Knudsen became president of the San Jose Central Labor Council in 1918 through 1919. In 1918 Knudsen was active during a forty-four-hour protest with machinists from San Francisco when he was a delegate of the San Francisco Iron Trade Council. During 1919 Knudsen became an Organizer for the International Association of Machinists (IAM). The next year he would lead 3000 machinists in a strike and held another strike consisting of 10,000 Machinists in 7-month strike in Cincinnati in 1920.

During 1921–1922 Knudsen toured the Soviet Union. While there he became a delegate to the Red International of Labor Unions and participated in CI congresses. Knudsen was granted the honor of delivering an address to graduating officers of the red army during the 5th anniversary of the Russian Revolution on November 6, 1922.

Returning to America, Knudsen sought to be the international president of the IAM, although he was defeated in this effort.
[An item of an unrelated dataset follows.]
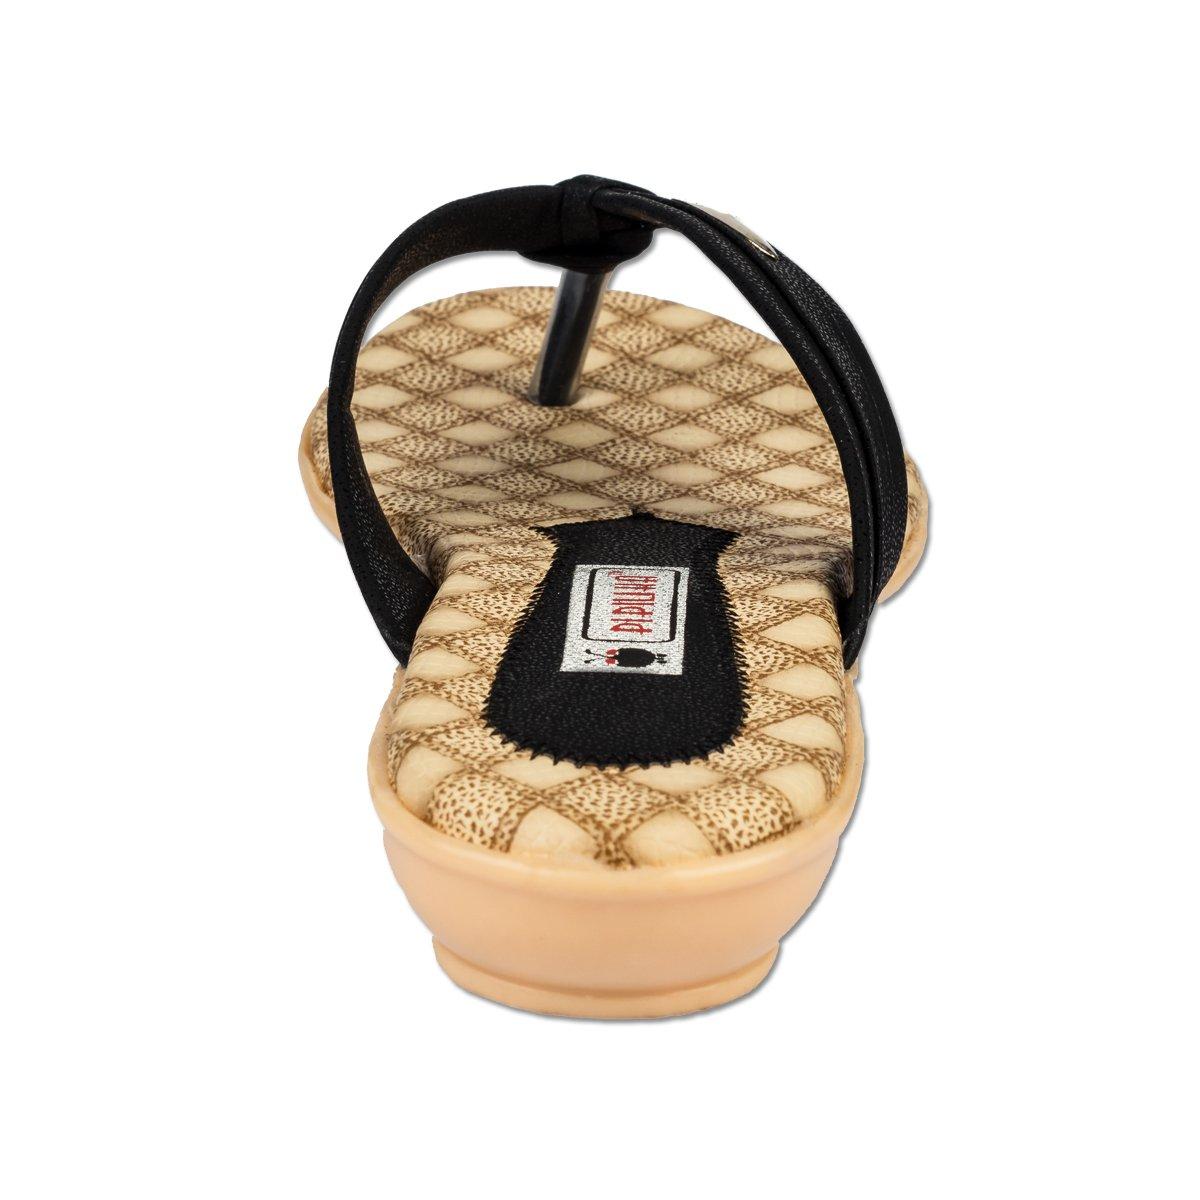 Womens sandals flipkart - Pipilika On Twitter Pipilika Ladybird Pld612b Women Sandal Flats Black Shoes Available On Flipkart Https T Co Dwe6dnwrbs

He did become an organizer for the IAM in San Francisco, however.

Knudsen was a candidate for the Socialist Labor Party in San Francisco running for Mayor during 1923. Despite his pro-Communist proclivities, Knudsen reaffirmed his allegiance to the Socialist Labor Party in this campaign, declaring it "the only bona fide party representing the workers' interests." With no realistic chance of winning, Knudsen made an appeal for the SLP's maximum demands to voters, calling for "the working class to back up their ballot by organizing into industrial unions" and to use these to "take and hold the means of production," to be governed through a "Congress of Labor."

In 1924 Knudsen became a presidential elector of California for the Socialist Labor Party. Another accolade for Knudsen during 1924 was becoming a lecturer for the San Francisco Labor College and also was a lecturer for classes specializing in Socialist Labor politics classes.

During the course of his political activities Knudsen authored articles on economics, the organized labor movement, psychology, science, and history.